Homilies to the passing of youth and acceptance of early middle age took up the final few yards of Alexander’s speech. Marriage that begins in romance and solidifies into partnership. Settling down. The old man really had no bloody idea. Patricia was anything but the safe option. She could have killed him on the moon. Though the decompression of the underground chamber had not been her work, she had removed the black orb from its casing in full knowledge that such security precautions had been deployed before. He’d confronted her about her relaxed attitude to the accident, the deaths of the technicians, and Professor Kakkar. The convenient cleanup of the entire operation, with even the Horbo house destroyed and scattered across the surface of the moon. Somewhere in this confrontation he had also proposed marriage to her. She agreed on the condition that it was not merely romantic. They would go into business together. Make money, make love, make a world. The whole package.

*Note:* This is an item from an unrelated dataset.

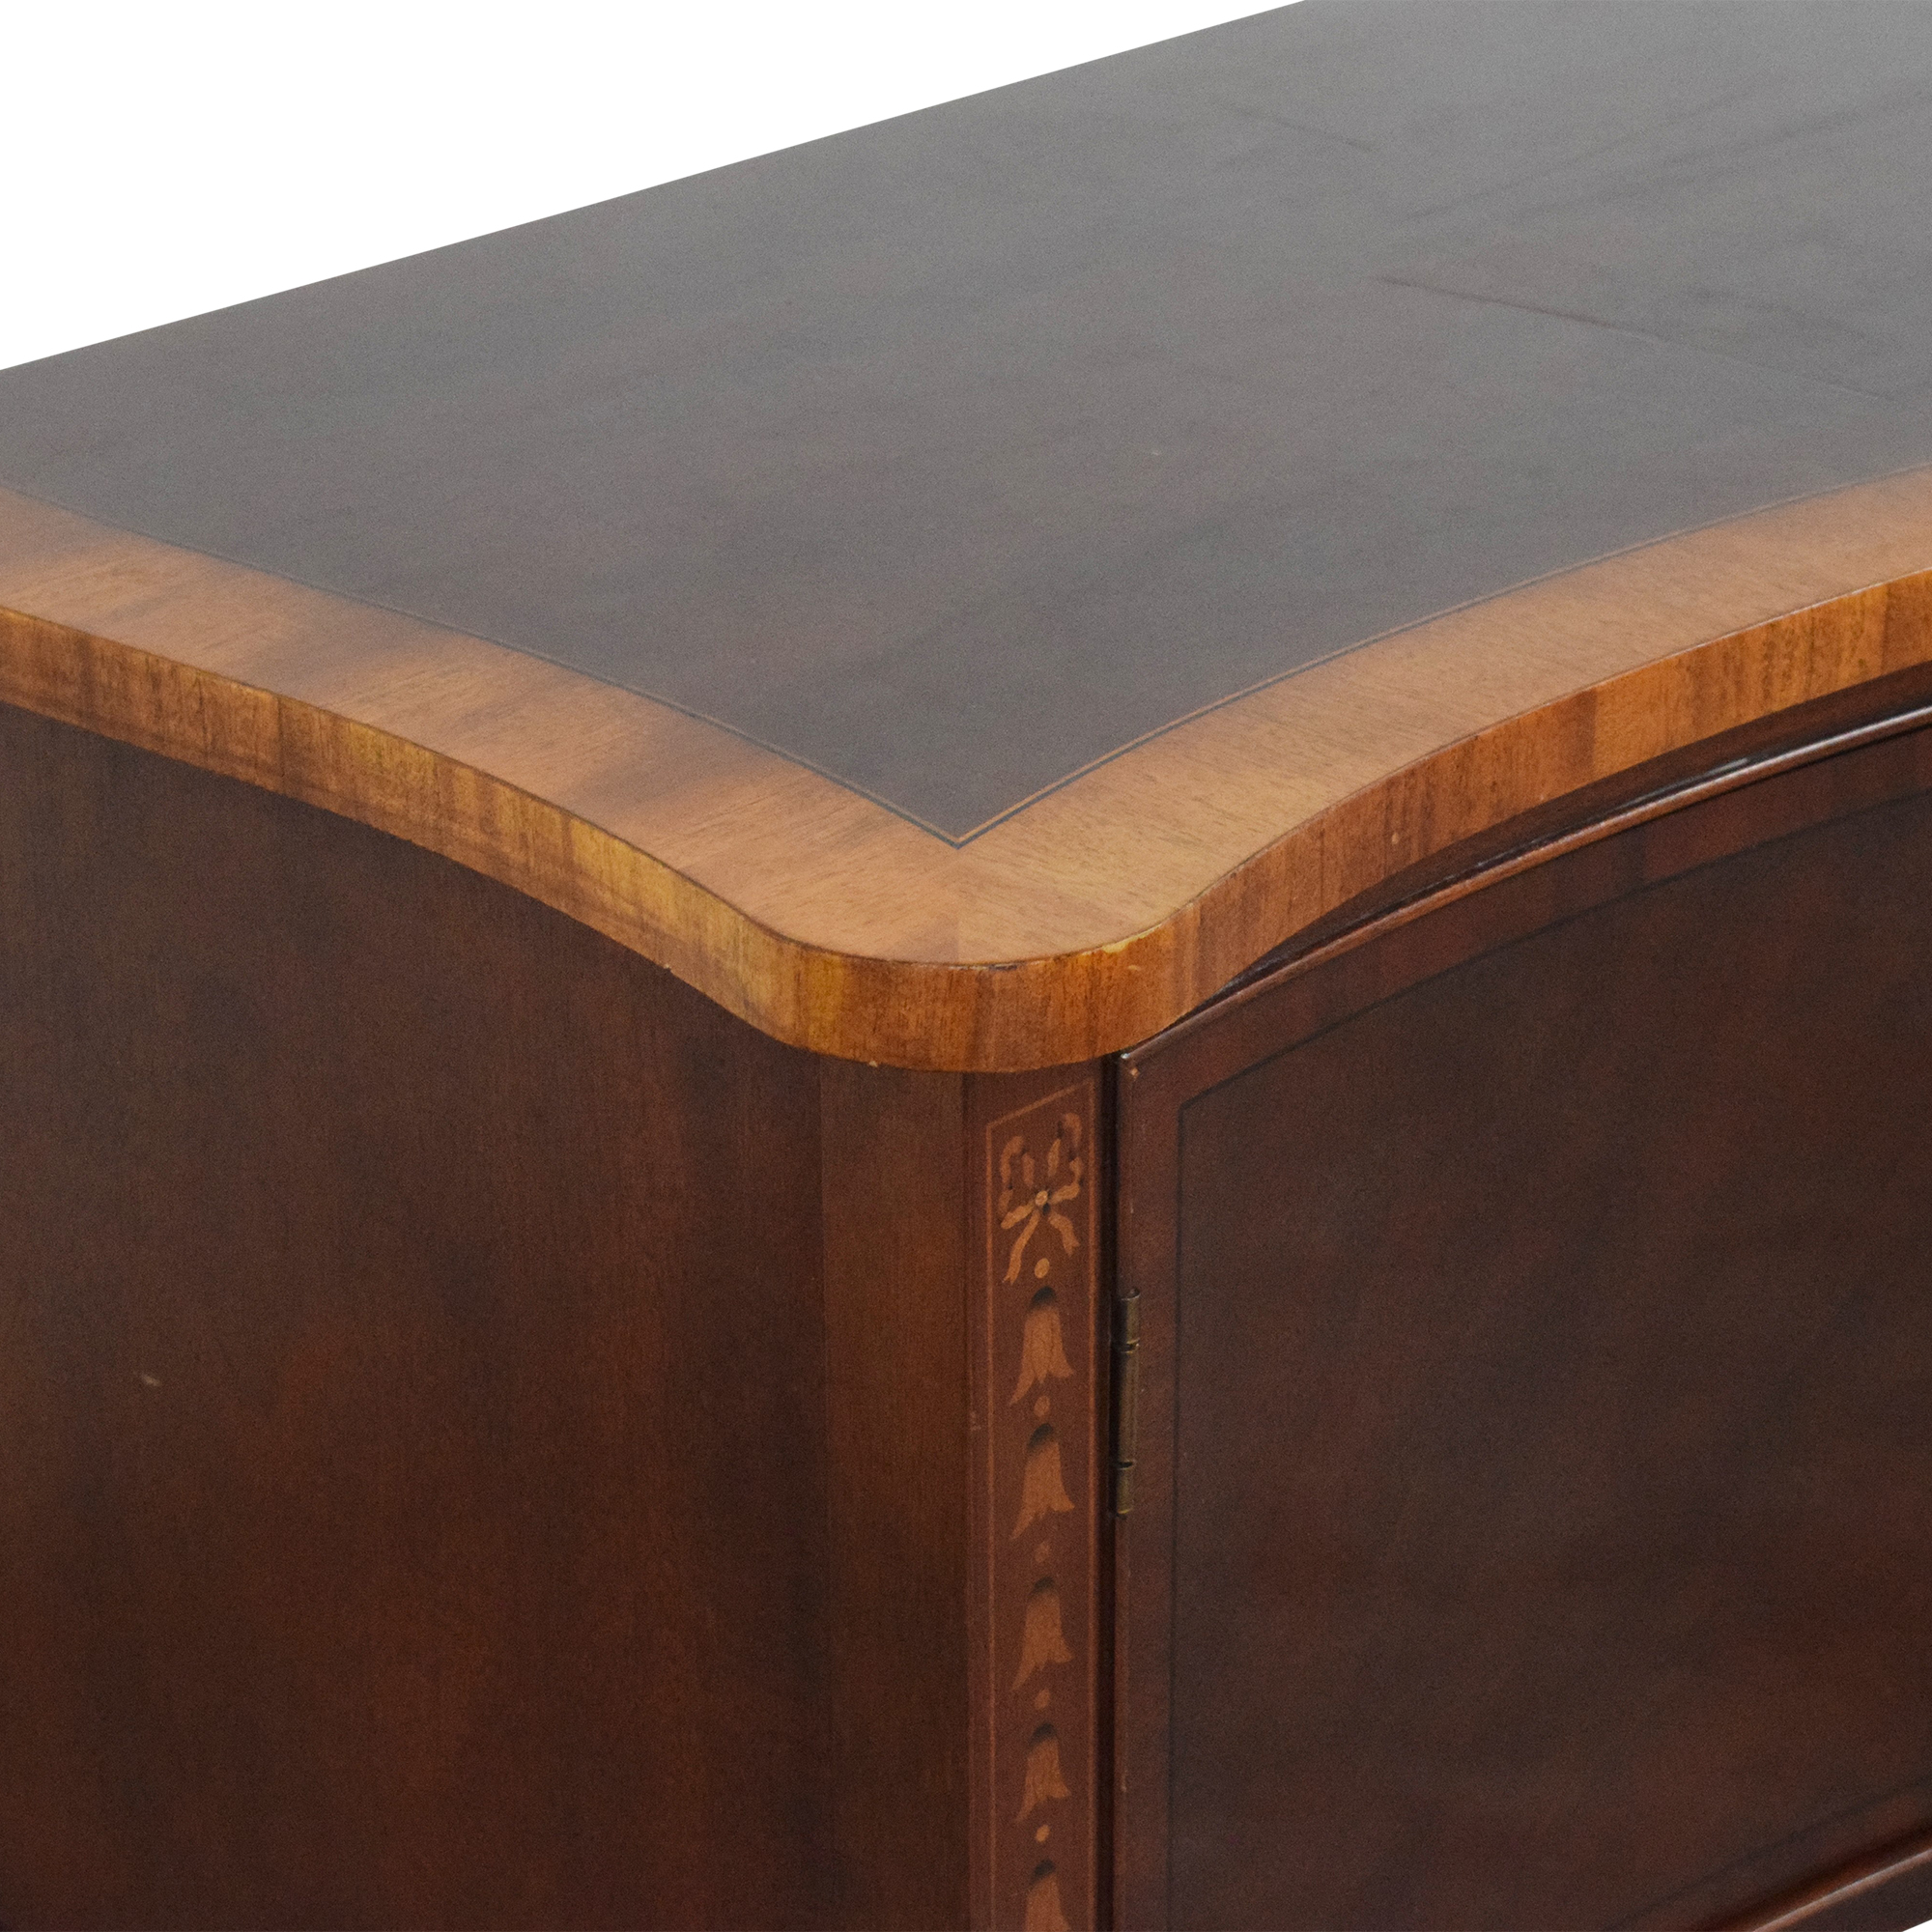 Ethan Allen Ethan Allen 18th Century Collection Hepplewhite Sideboard on sale

Then it was time for his speech. Mostly formalities and homilies to the virtues of his new wife, composed while rammed into the cheap seats on an Earthbound liner, his robot next to him, the flight cabin smelling of recycled food and the tangy wet dog smell of students. With Dr Easy, he discussed how he should express his love for Patricia. She has saved me, he ventured. Yes, said Dr Easy. Tell me more about how she saved your life. Theodore related the sudden decompression of the moon cavern, and his slow drift toward the hole in the chamber, his sensesuit prickling with frost. All around him, their colleagues twisted as they choked on the vacuum then floated frozen and inanimate, propelled upward by the outrushing air. Patricia calmly adjusted the mass of her executive armour then drifted up and caught his hand in hers. She’s saving me on every level, he said. Dr Easy blinked. She saved you but she also put you in danger. It was careless of her, perhaps. So why take the risk? Because of all we stand to gain, he said, and this became the closing sentiment of his wedding speech.

Then it was Dr Easy’s turn to deliver the best man’s speech.

“My role is to embarrass the groom,” said the robot. “I’ve been observing him closely since birth and my research suggests that as much as eighty-two per cent of his life experience could form material for embarrassing anecdotes. So I’ve grouped my speech into three themes: Theodore’s incompetence, Theodore’s incontinence and Theodore’s impotence, and each of these themes will pay off with the relevant stain on my chassis. Of course, you’re concerned that my analysis of his failings may go on too long – because it could, of course, go on for the twenty-seven years that Theodore has been alive – so be reassured that my speech will last for twelve minutes and close with remarks that, at best, constitute faint praise.”

He grimaced through the robot’s speech. Bubbles drifted weightlessly up through his glass of mineral water. He heard Alexander Maconochie guffaw at another anecdote at Theodore’s expense. The wedding ceremony is a ritual in which one family subdues another to assume primacy in the marriage. This was not a fair fight. More like a hazing ritual.

Patricia reached over the table and stroked his head, then whispered in his ear.

“We’re leaving them all behind, Theodore. We’re heading out to places they have never been.”

He felt the thrill of it in his chest. When they took the first dance, her choice of vintage Pre-Seizure house music, they raised their hands in the air together, fingers entwined, for the drop.

They left the party early, and walked along a moonlit path to their lodge. He untied the back of her white dress, she put aside her white shoes one by one.